In the spring of 1967, the Arkansas Supreme Court, without oral argument, reversed Reed’s ruling in the Epperson case. The Court’s two-sentence opinion found the anti-evolution law to be “a valid exercise of the state’s power to specify the curriculum in its public schools.” The Court did not answer the question of whether it read the law as banning all discussion of evolution, or whether it “merely prohibits teaching that theory as true.”
The teachers’ petition for review in the Arkansas case reached the desk of Justice Fortas’s young law clerk, Peter L. Zimroth. Zimroth wrote a memo to his boss advising that the petition be denied because the “case is simply too unreal.” Zimroth wrote that the state courts had not yet resolved the question of whether the statute prohibited all discussion of evolution and, more importantly, it seemed unlikely that any prosecutor would choose to enforce the law anyway. “Unfortunately,” he concluded, “this case is not the proper vehicle for the Court to elevate the monkey to his proper position.”
Fortas, however, made clear to his clerk that he wanted the Epperson case heard. In a memo to Zimroth the justice wrote, “Peter, maybe you’re right—but I’d rather see us knock this out.” Fortas’s view prevailed, and Arkansas was asked by the Court to respond to the teachers’ petition. The state filed a brief answer that reasserted the state’s position that it had the right to determine its own school curriculum. Zimroth found the state’s answer totally inadequate. “The response is as outrageous as the law which it seeks to defend,” he wrote in a memo to Fortas. Nonetheless, he held fast to his view that the Court should decline to take the case. Fortas rejected his clerk’s advice and pushed his colleagues to accept the case.
Edward J. Larson, in Summer for the Gods, attributes Fortas’s determination to hear the Epperson case to his experience as “a working-class Jewish boy growing up in the Baptist citadel of Memphis” as the controversy surrounding Scopes “swirled about him.”

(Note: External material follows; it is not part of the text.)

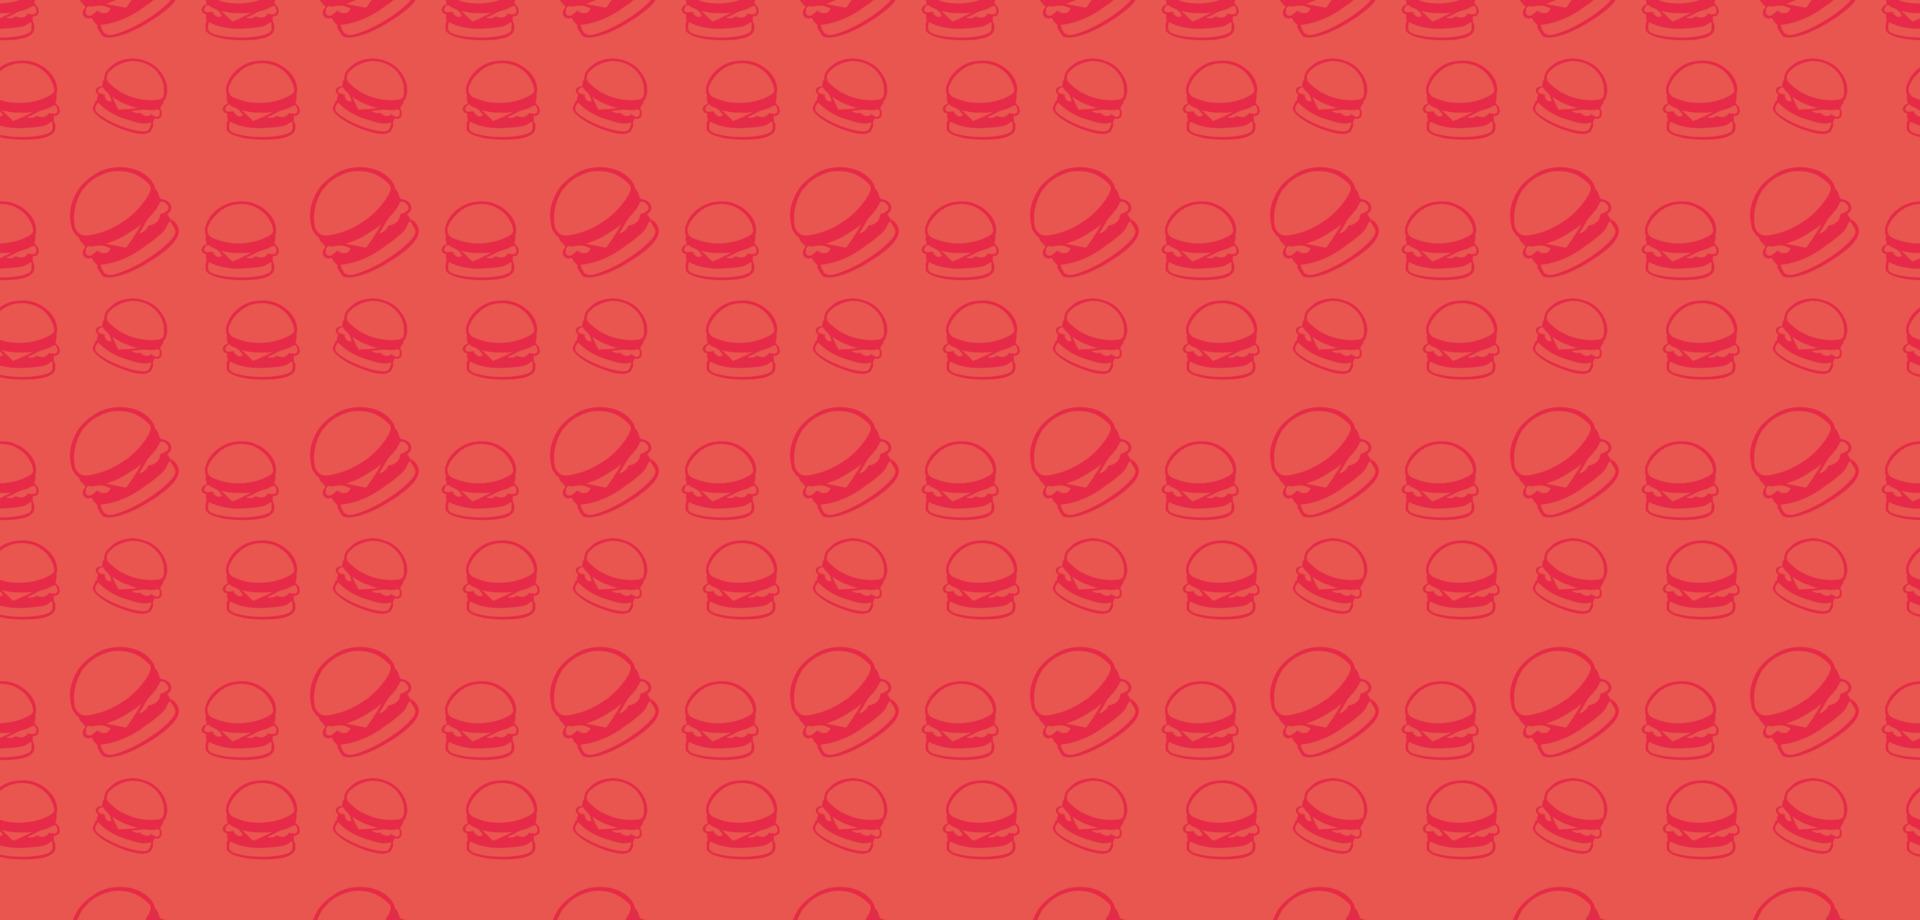 vektor illustration av mat banner med hamburgare mönster siluett

References to the legendary Scopes case filled the documents submitted in Epperson’s appeal. The plaintiffs’ brief ended with a reminder of “the famous Scopes case” and the “darkness in that jurisdiction” left in its wake. The state, for its part, opened its reply by citing the Tennessee Supreme Court’s decision in the Scopes case as support for its position that curriculum matters are for the states to decide. The ACLU’s brief in Epperson said that “The Union…looks forward to its final resolution” of the controversy began in Dayton “40 years ago.”

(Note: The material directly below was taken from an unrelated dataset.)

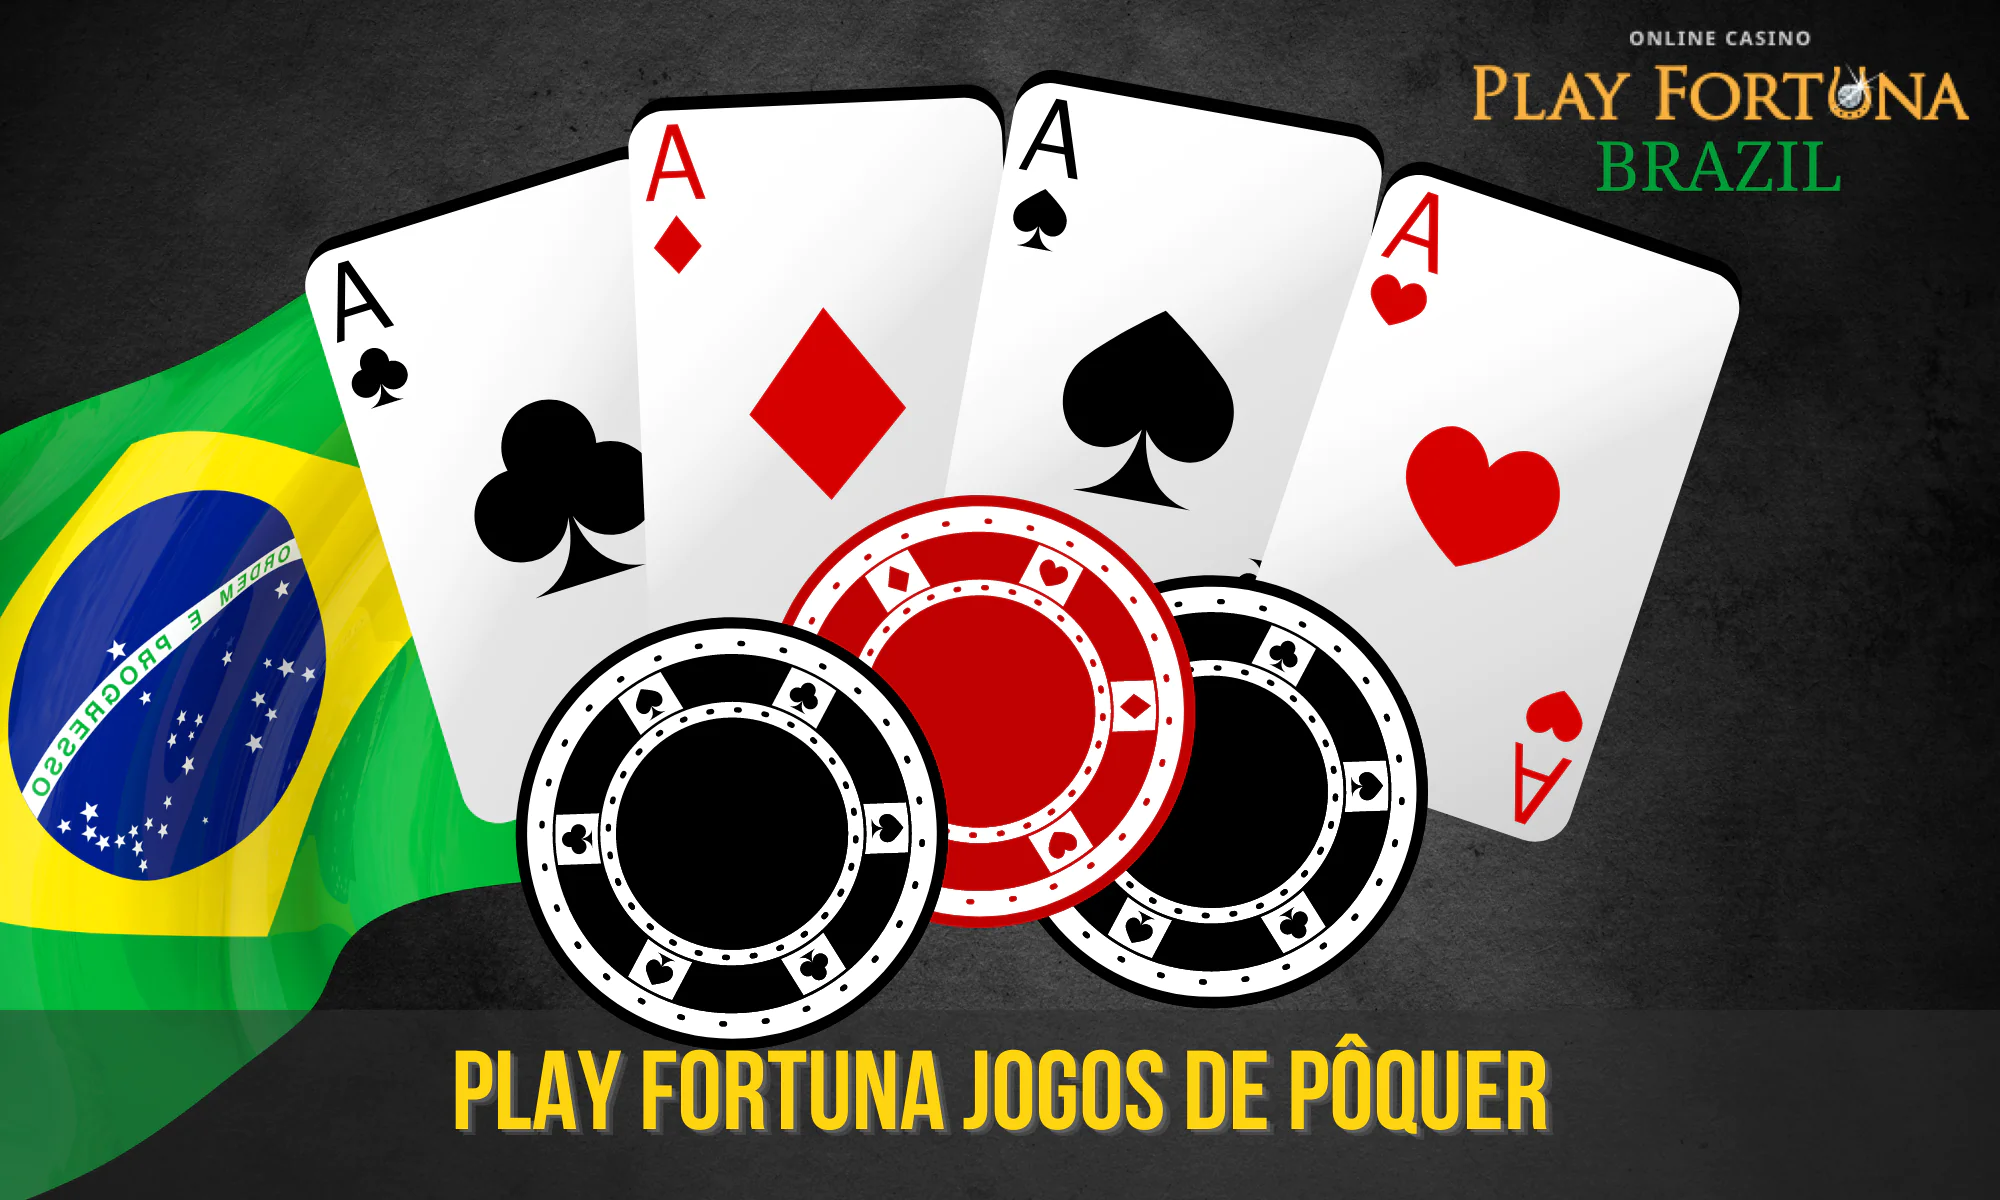 O pôquer Play Fortuna é muito popular entre os jogadores brasileiros

Two days after oral argument, the justices met in conference and voted 8 to 1 to strike down the antievolution laws. Fortas’s notes of the conference show that the justices differed considerably in how they reached their conclusions. Most justices, including Chief Justice Warren, found the law “too vague to stand” and faulted the state for not showing how evolution threatened the public welfare. Justice Stewart saw the law as violating the free speech rights of teachers. For Fortas, however, the issue was religion—the establishment of religion by the state.
Fortas requested and was granted permission to write the Court’s decision. In the opening paragraph of his opinion, Fortas tied the Arkansas statute to the Scopes case: “The statute was a product of the upsurge of ‘fundamentalist' religious fervor of the twenties. The Arkansas statute was an adaption of the famous Tennessee 'monkey law' ….The constitutionality of the Tennessee law was upheld by the Tennessee Supreme Court in the celebrated Scopes case in 1927.”

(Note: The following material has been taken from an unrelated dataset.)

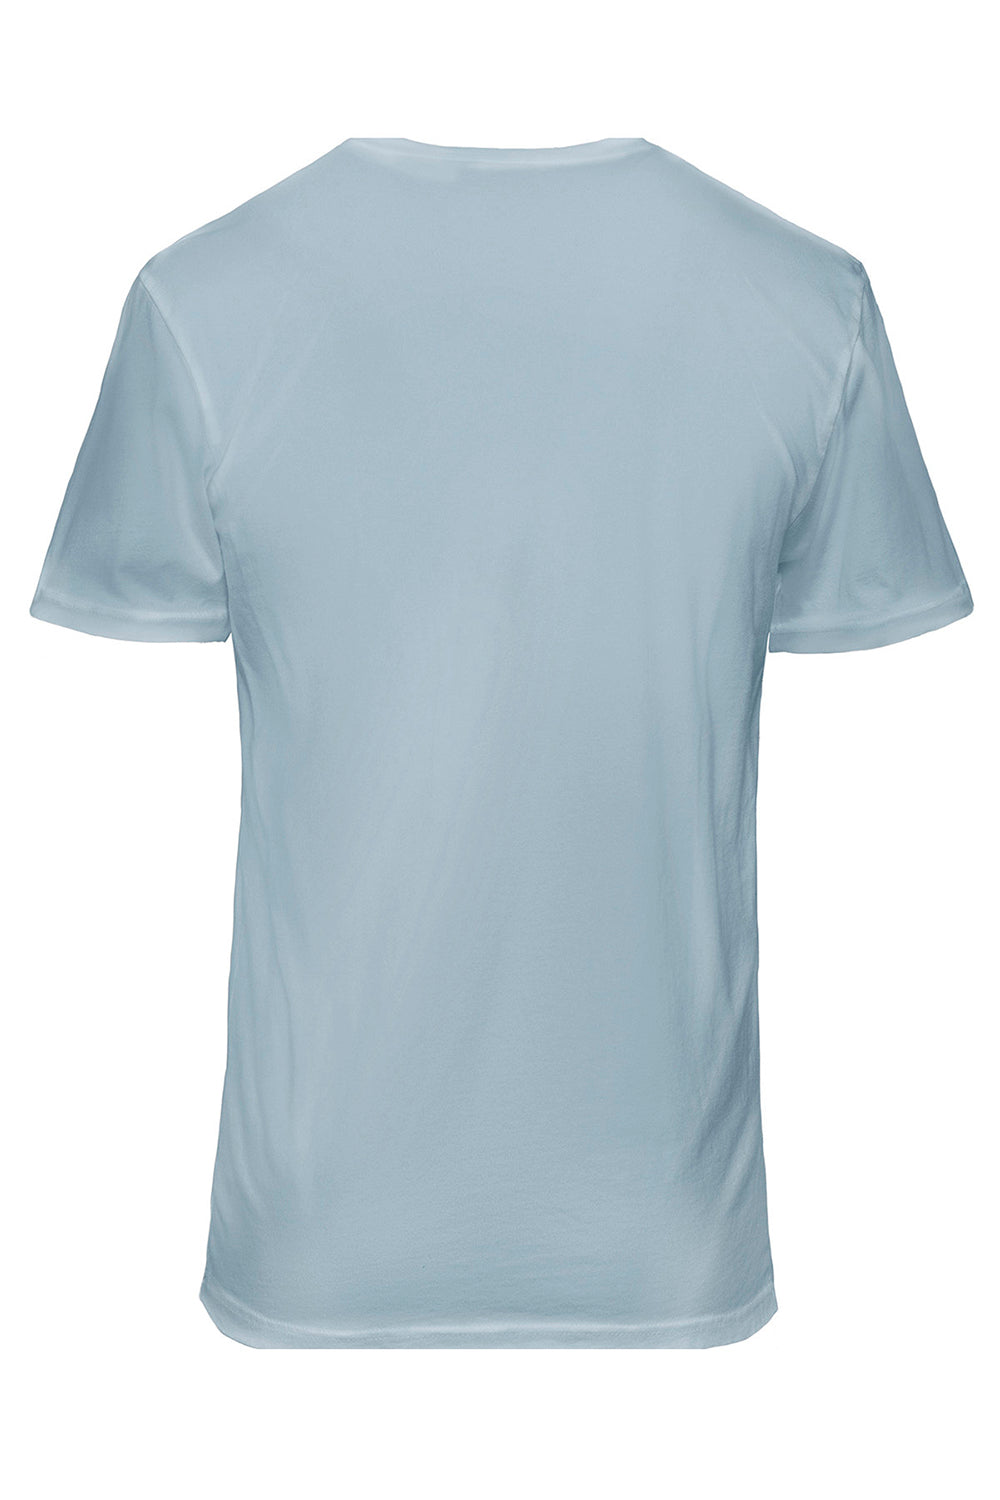 Next Level 3600SW Mens Soft Wash Short Sleeve Crewneck T-Shirt Stonewashed Denim Blue Flat Back

The constitutional attack might have originated against an Arkansas law, but Fortas clearly meant to turn it against Tennessee’s old antievolution law as well. His opinion discusses the purposes of the Butler Act more than the Arkansas law, and he drew from the memoirs of Clarence Darrow and John Scopes to support his analysis of the antievolution law. “There is and can be no doubt that the First Amendment does not permit the State to require that teaching and learning must be tailored to the principles or prohibitions of any religious sect or dogma,” Fortas argued. In this case, Fortas concluded, that is exactly what happened: “No suggestion has been made that Arkansas' law may be justified by considerations of state policy other than the religious views of some of its citizens. It is clear that fundamentalist sectarian conviction was and is the law's reason for existence.”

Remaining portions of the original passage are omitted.